DATA FOR THIS TASK:
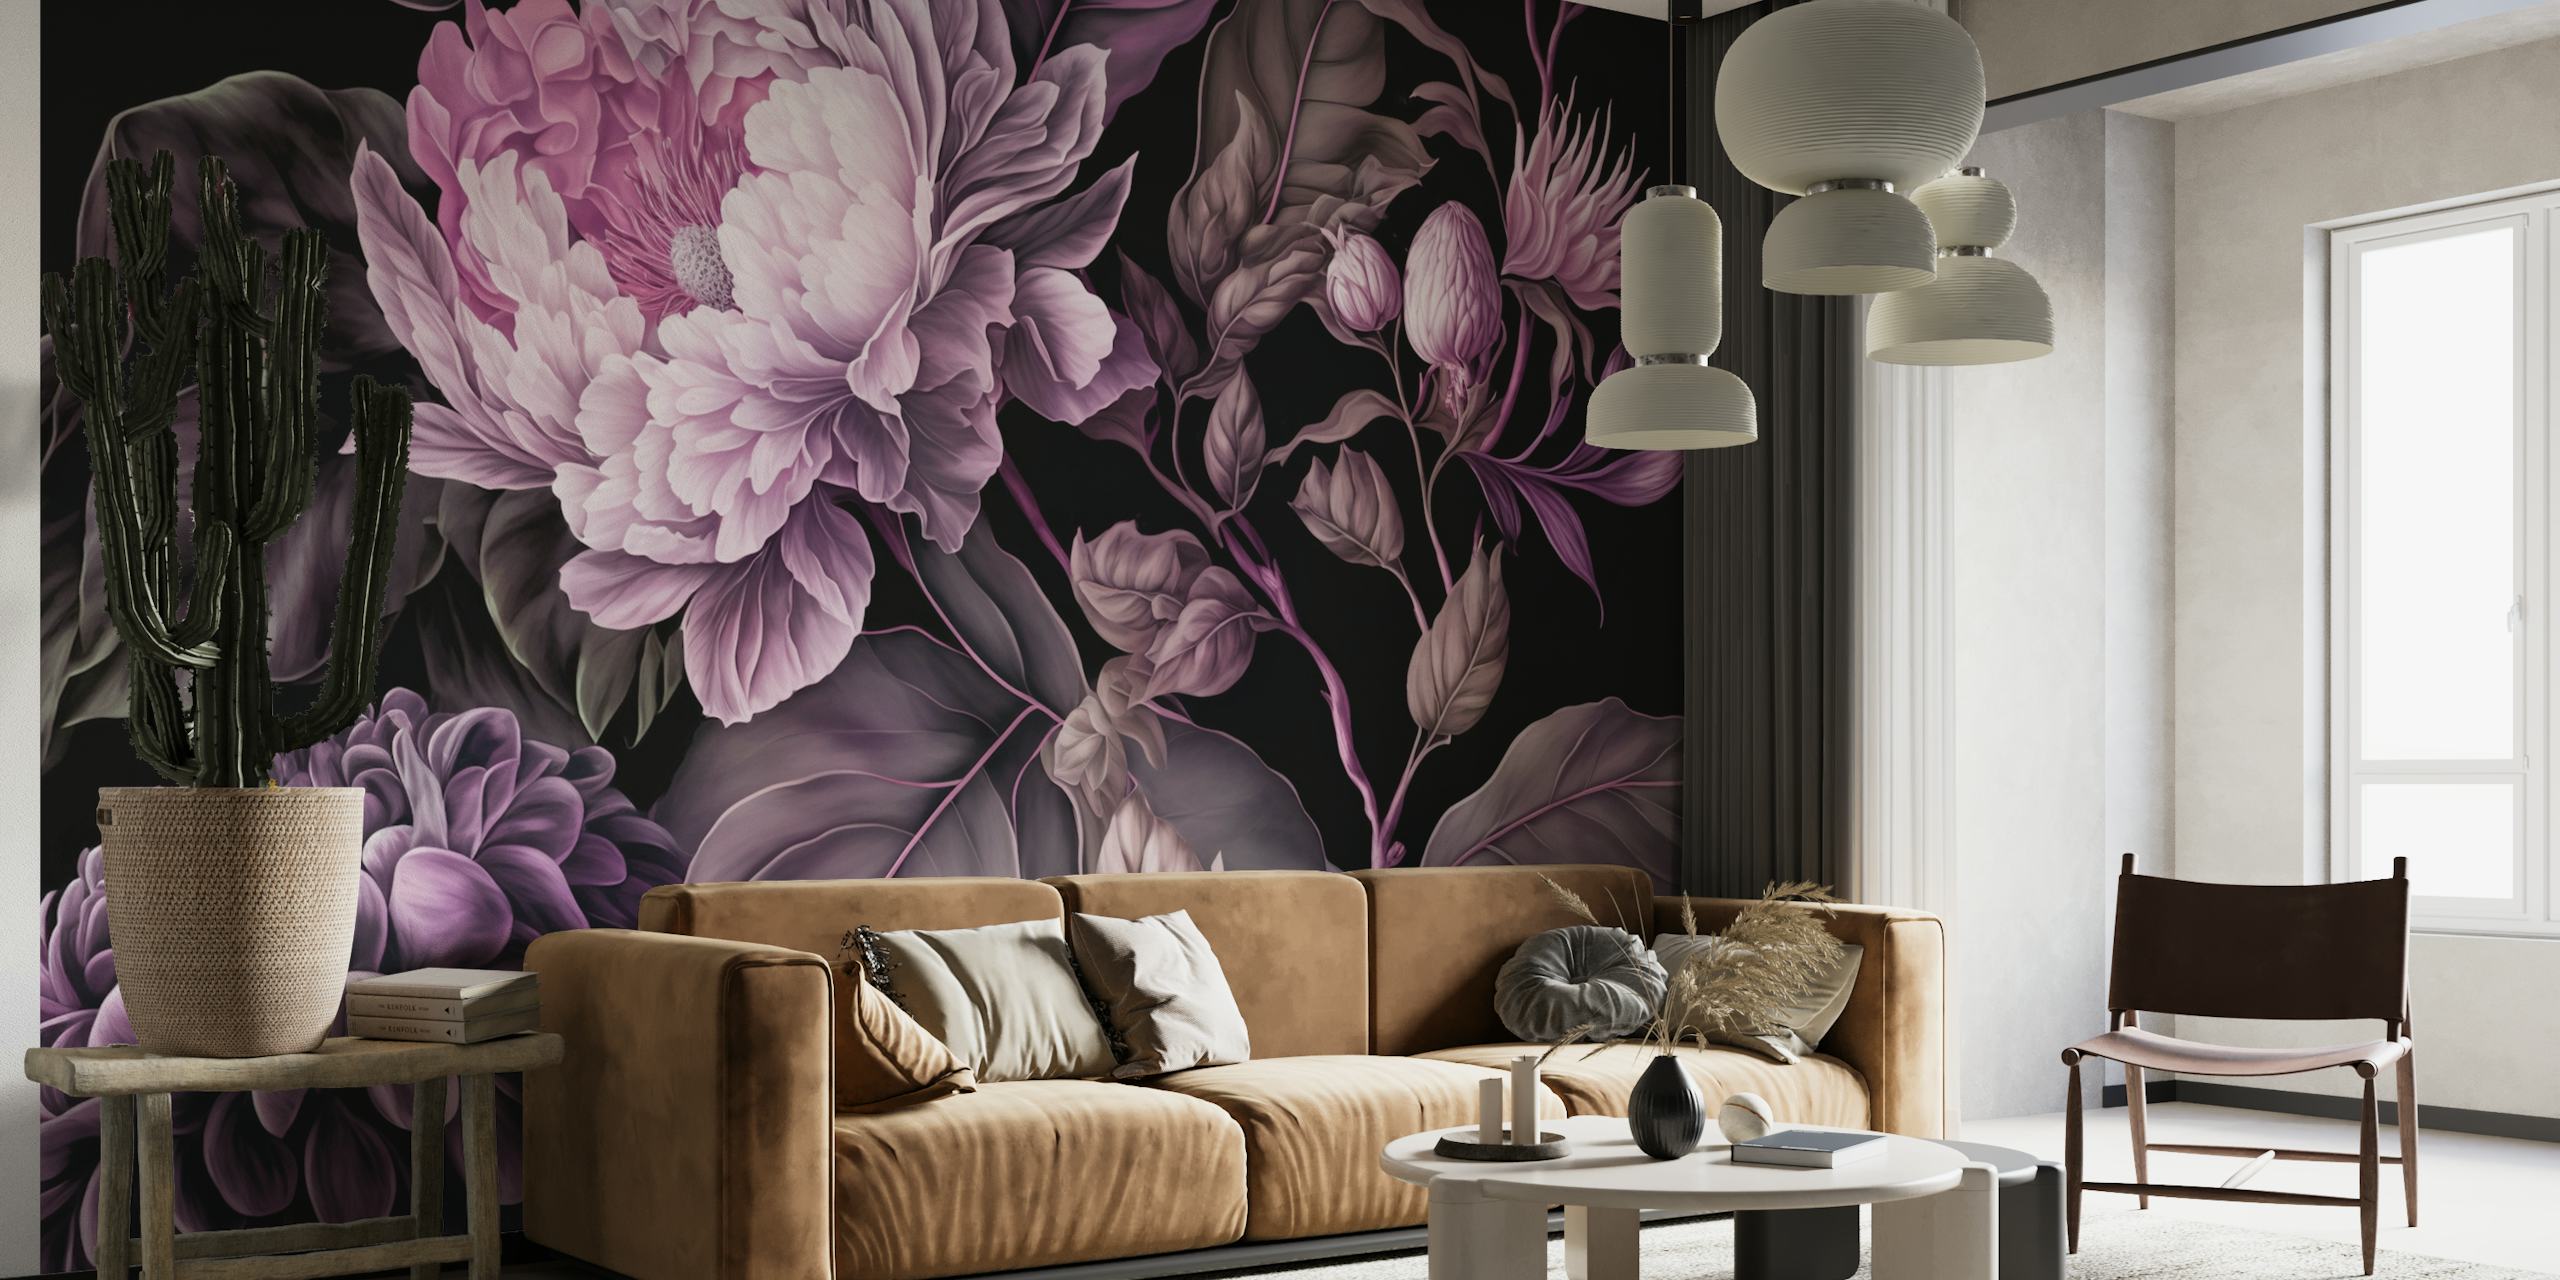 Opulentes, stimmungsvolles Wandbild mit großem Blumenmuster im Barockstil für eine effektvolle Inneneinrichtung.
==
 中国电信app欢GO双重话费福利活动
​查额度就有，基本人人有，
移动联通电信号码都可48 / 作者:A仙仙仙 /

WHAT TO DO: Return, unchanged, the run of lines above that opens with the line containing "中国电信app欢GO双重话费福利活动" and closes with the line containing "移动联通电信号码都可48 / 作者:A仙仙仙 /". Include both.

EXPECTED ANSWER:
 中国电信app欢GO双重话费福利活动
​查额度就有，基本人人有，
移动联通电信号码都可48 / 作者:A仙仙仙 /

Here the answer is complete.